### What this task involves
Only the lines from the one containing "گروپ کیپٹن شاہ" through the end of the data below are to be repeated, exactly as given, without pictures.

### Data excerpt
=====
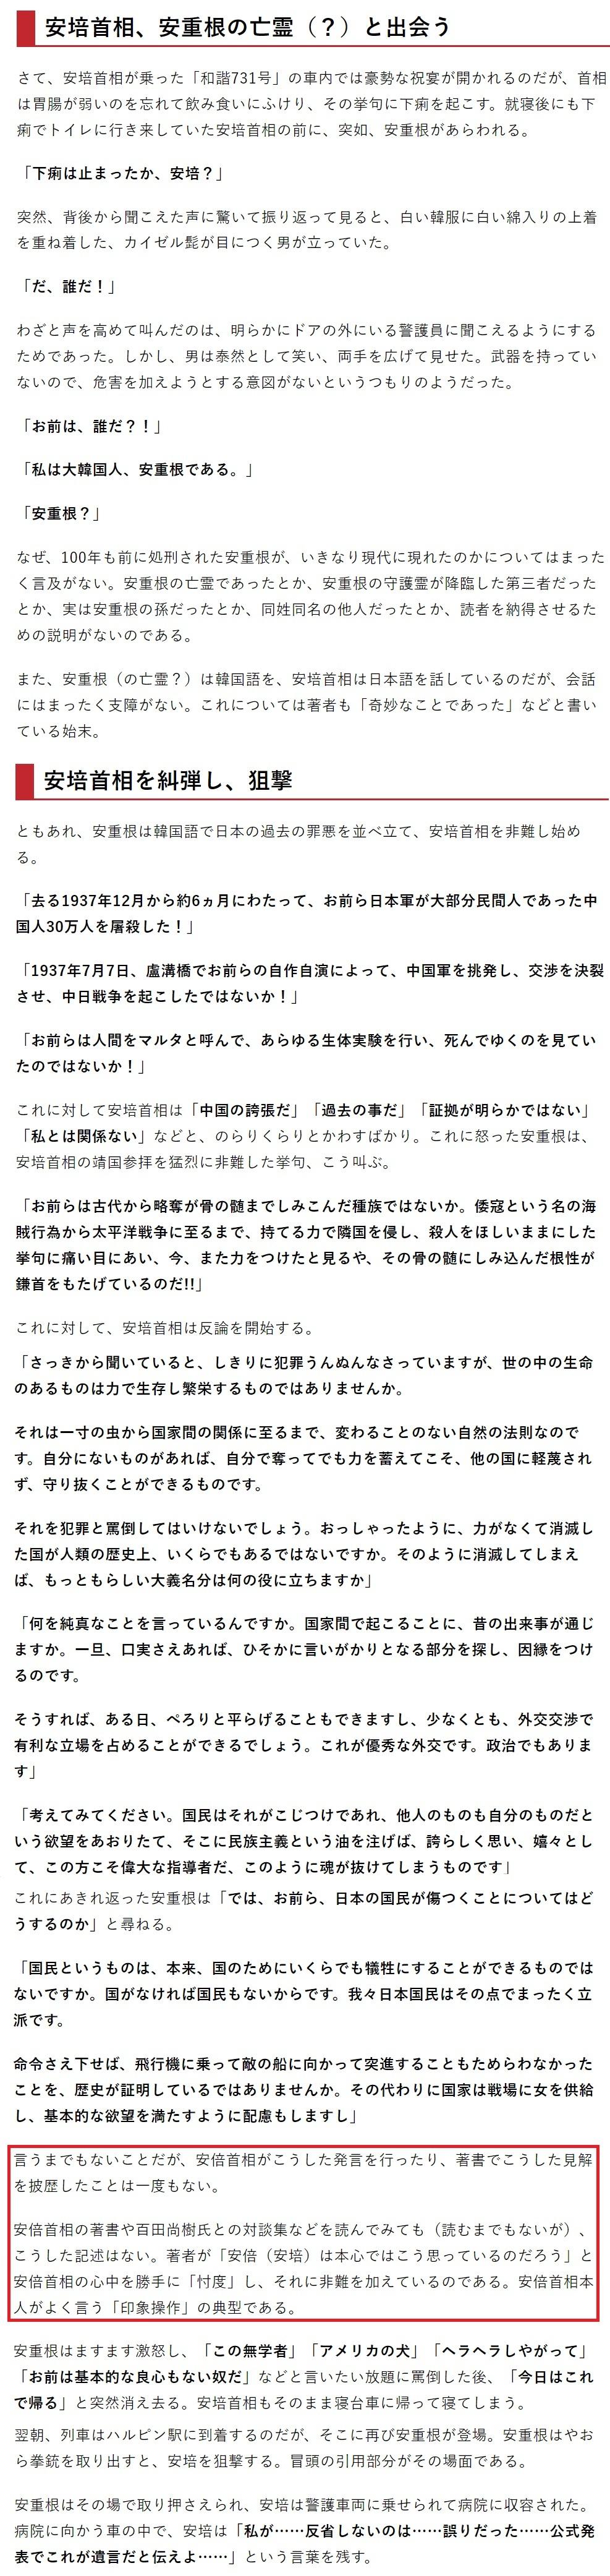 朝鮮人の願望と妄想まみれの安倍暗殺本2
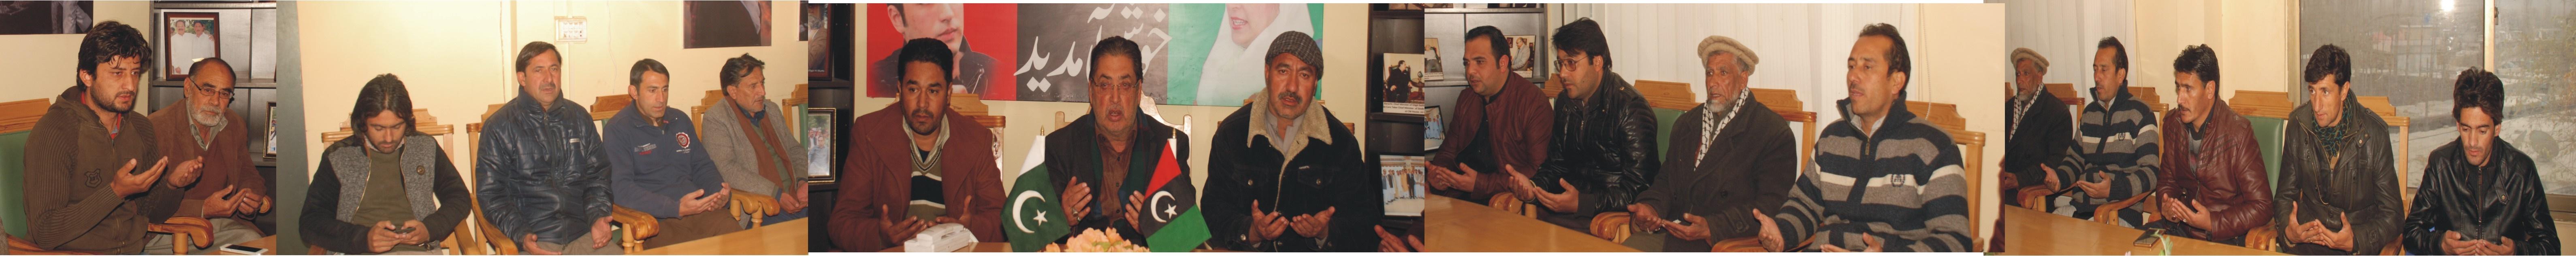 گروپ کیپٹن شاہ خان کی وفات سے گلگت بلتستان ایک عظیم قومی ہیرو سے محروم ہوگیا ہے، سید مہدی شاہ سابق وزیراعلی
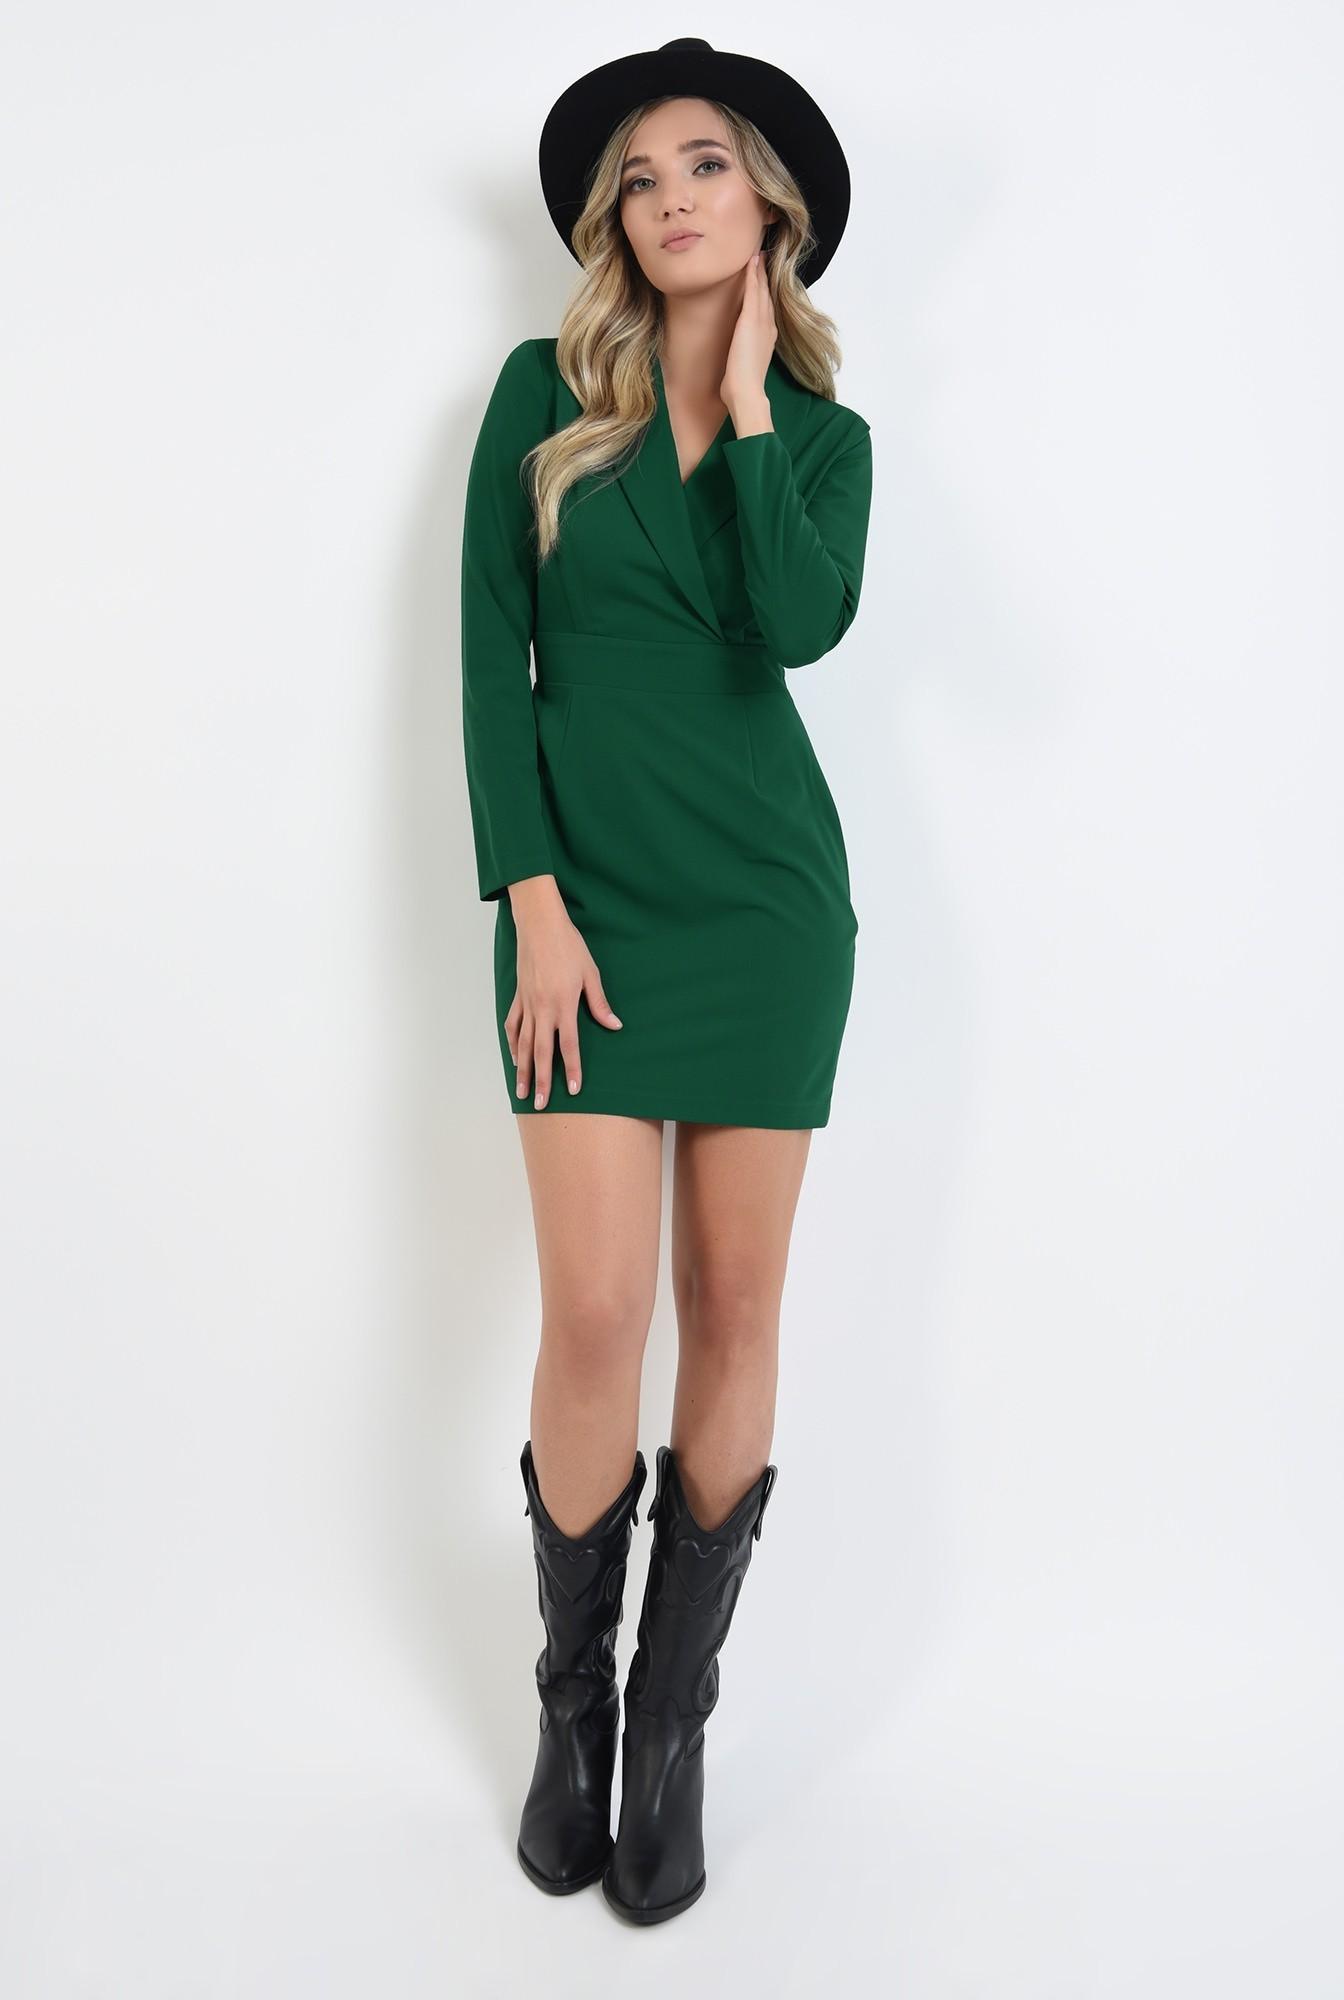 0 - rochie stil blazer, scurta, verde
=====
### Solved problem
 گروپ کیپٹن شاہ خان کی وفات سے گلگت بلتستان ایک عظیم قومی ہیرو سے محروم ہوگیا ہے، سید مہدی شاہ سابق وزیراعلی
 0 - rochie stil blazer, scurta, verde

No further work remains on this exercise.